Now as both lines PQ and BC are parallel, AB and AC are transversal.
So:
- ∠ PAB = ∠ ABC (Alternate Interior Angles)...(i)
- ∠ QAC = ∠ ACB (Alternate Interior Angles)...(ii)
Now, ∠ PAB + ∠ BAC + ∠ QAC = 180° (Linear Pair)...(iii)
From eq (i), (ii) and (iii)
∠ ABC + ∠ BAC + ∠ ACB = 180°
∠A + ∠B + ∠C = 180°
Proved.
Properties of Lines and Angles
In this section, we will learn about some general properties of lines and angles:
Properties of Lines
- Line has only one dimension i.e. length. It does not have breadth and height.
- A line has infinite points on it.
- Three points lying on a line are called collinear points
Properties of Angles
- Angles tell about how much a line has rotated from his position.
- Angles are formed when two lines meet and they are called arms of the angle.
Solved Examples on Lines and Angles
Example 1: Find the reflex angle of ∠x, if the value of ∠x is 75 degrees.
Solution:
Let the reflex angle of ∠x be ∠y.
Now, according to the properties of lines and angles, the sum of an angle and its reflex angle is 360°.
Thus,
∠x + ∠y = 360°
75° + ∠y = 360°
∠y = 360° − 75°
∠y = 285°
Thus, the reflex angle of 75° is 285°.
Example 2: Find the complementary angle of ∠x, if the value of ∠x is 75 degrees.
Solution:
Let the complementary angle of ∠x be ∠y.
Now, according to the properties of lines and angles, the sum of an angle and its complementary angle is 90°.
Thus,
∠x + ∠y = 90°
75° + ∠y = 90°
∠y = 90° − 75°
∠y = 15°
Thus, the complementary angle of 75° is 15°.
Example 3: Find the supplementary angle of ∠x, if the value of ∠x is 75 degrees.
Solution:
Let the supplementary angle of ∠x be ∠y.
Now, according to the properties of lines and angles, the sum of an angle and its supplementary angle is 180°.
Thus,
∠x + ∠y = 180°
75° + ∠y = 180°
∠y = 180° − 75°
∠y = 105°
Thus, the supplementary angle of 75° is 105°.
Example 4: Find the value of ∠A and ∠B if ∠A = 4x and ∠B = 6x are adjacent angles and they form a straight line.
Solution:
According to the properties of lines and angles, the sum of the adjacent linear angles formed by a line is 180°.
Thus,
∠A + ∠B = 180°
4x + 6x = 180°
10x = 180°
x = 180°/10 = 18°
Thus,
- ∠A = 4x = 4×18 = 72°
- ∠B = 6x = 6×18 = 108°
Practice Questions on Lines and Angles
Question 2: Find the complementary angle of ∠P, if the value of ∠P is 35 degrees.

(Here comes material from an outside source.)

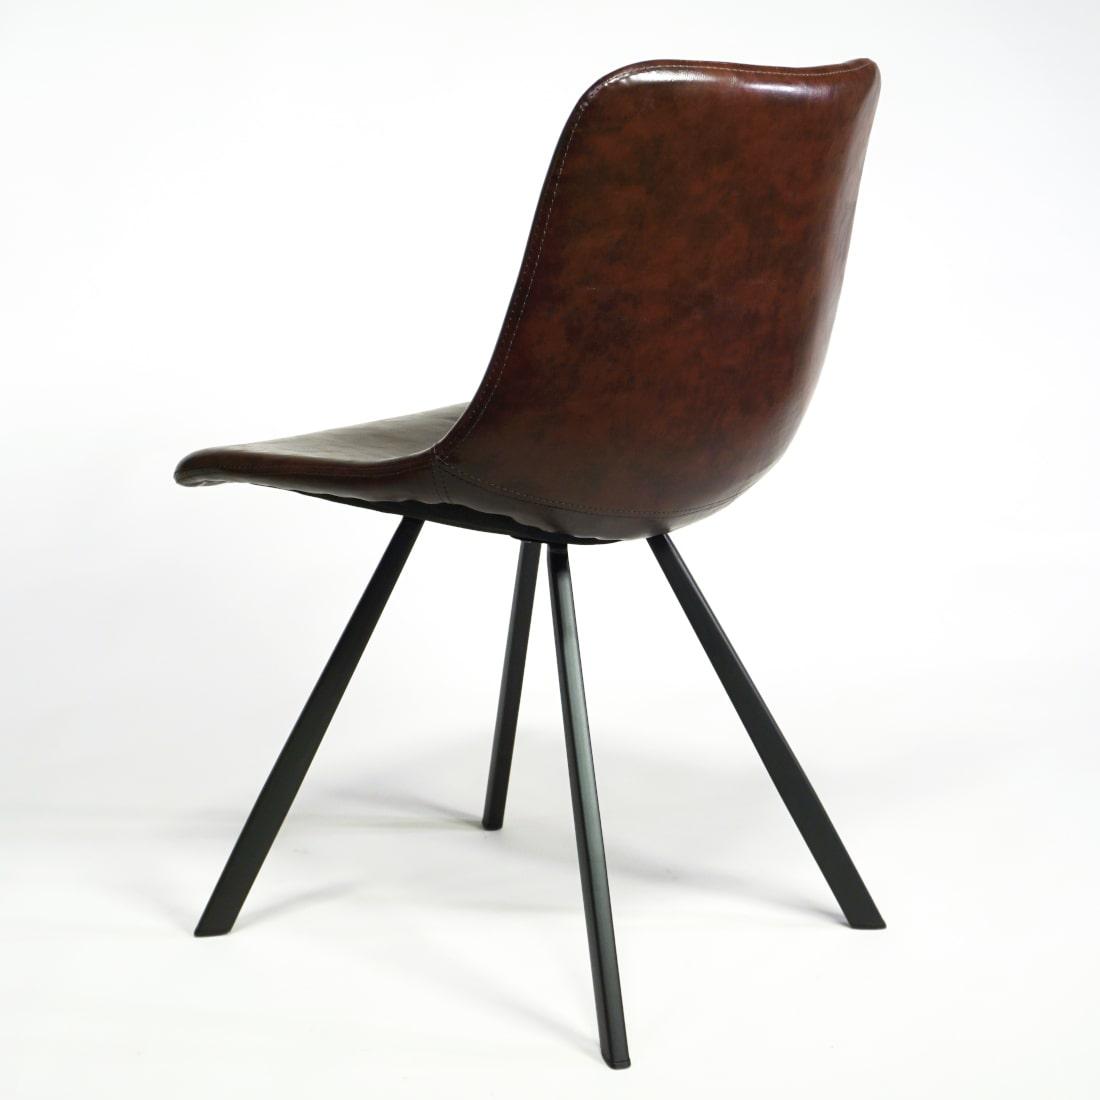 Esszimmerstuhl retro vintage Design

Question 3: Find the supplementary angle of ∠Z, if the value of ∠Z is 120 degrees.
Question 1: Find the reflex angle of ∠A, if the value of ∠A is 110 degrees.

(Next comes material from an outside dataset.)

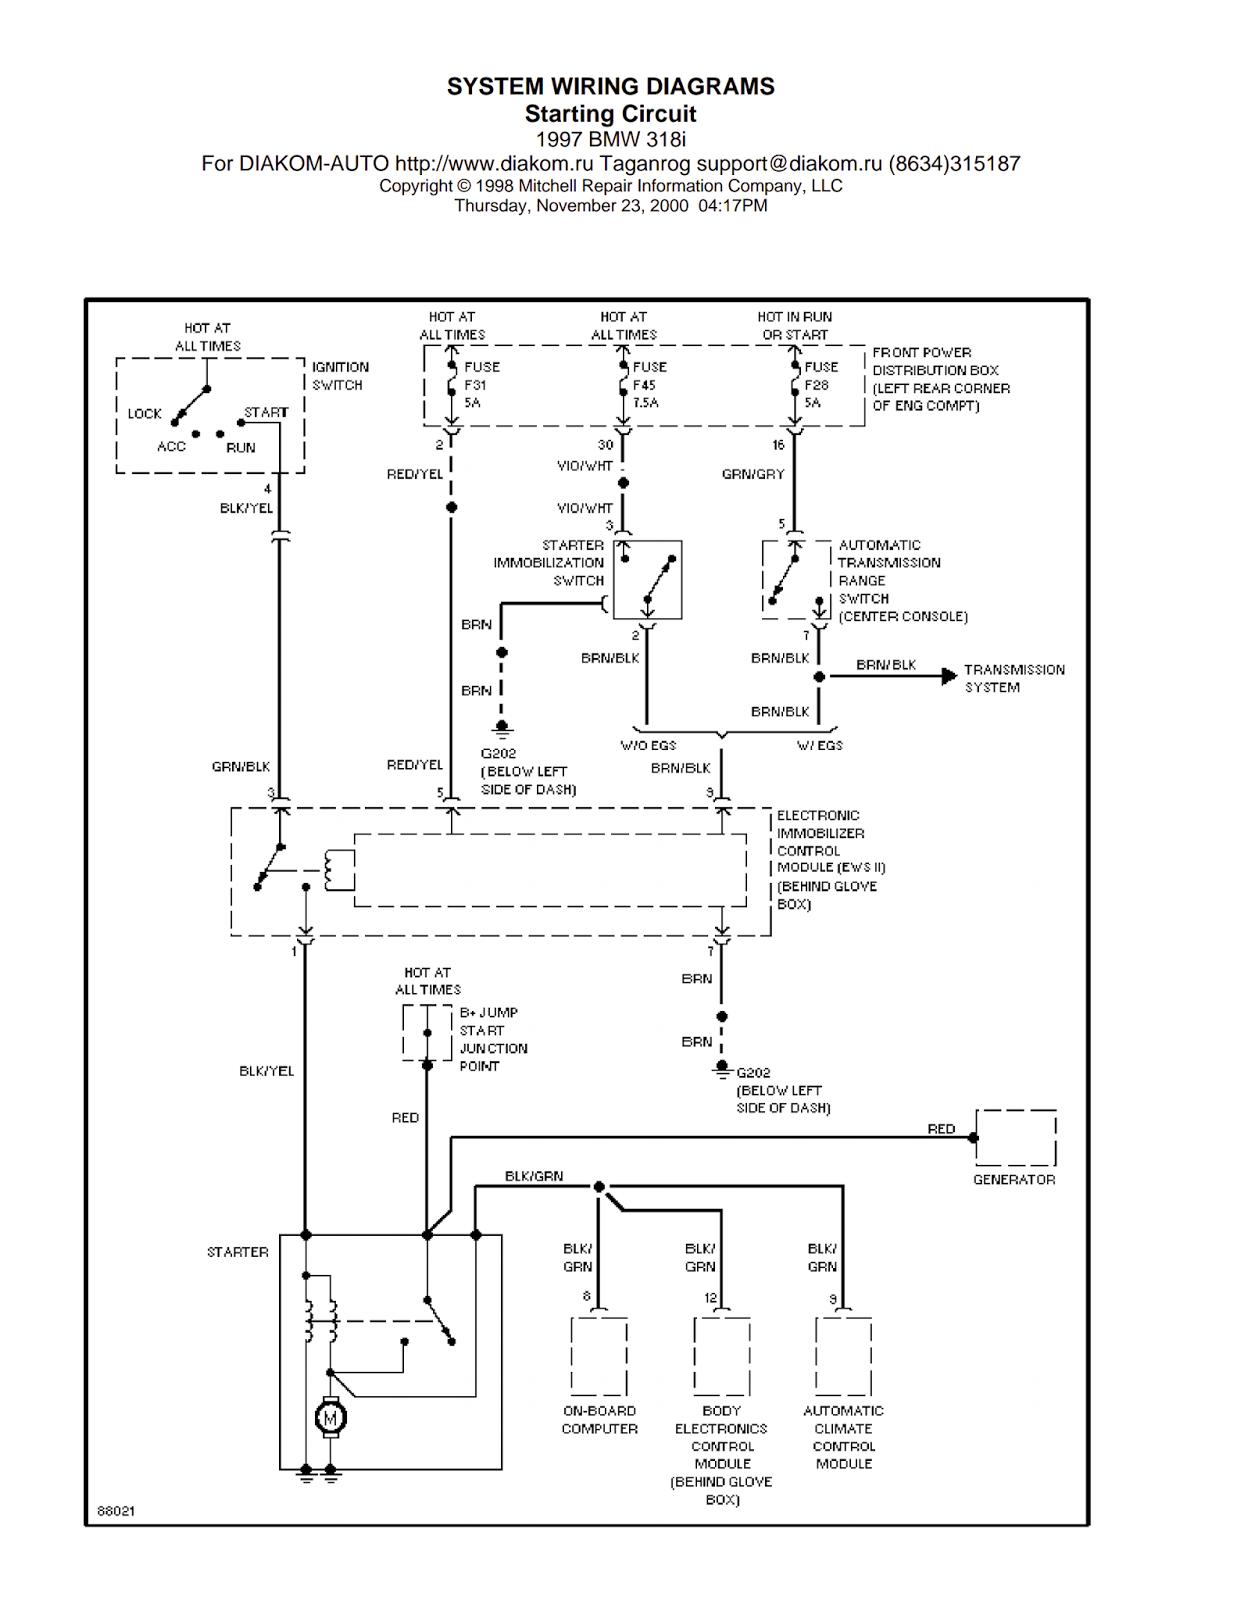 bmw 318i interior fuse panel box

Question 5: Find the reflex angle of ∠B, if the value of ∠B is 45 degrees.
Question 4: Find the value of ∠X and ∠Y if ∠X = 5y and ∠Y = 7y are adjacent angles and they form a straight line.
Question 6: Find the value of ∠A and ∠B if ∠A = 3x and ∠B = 7x are adjacent angles and they form a straight line.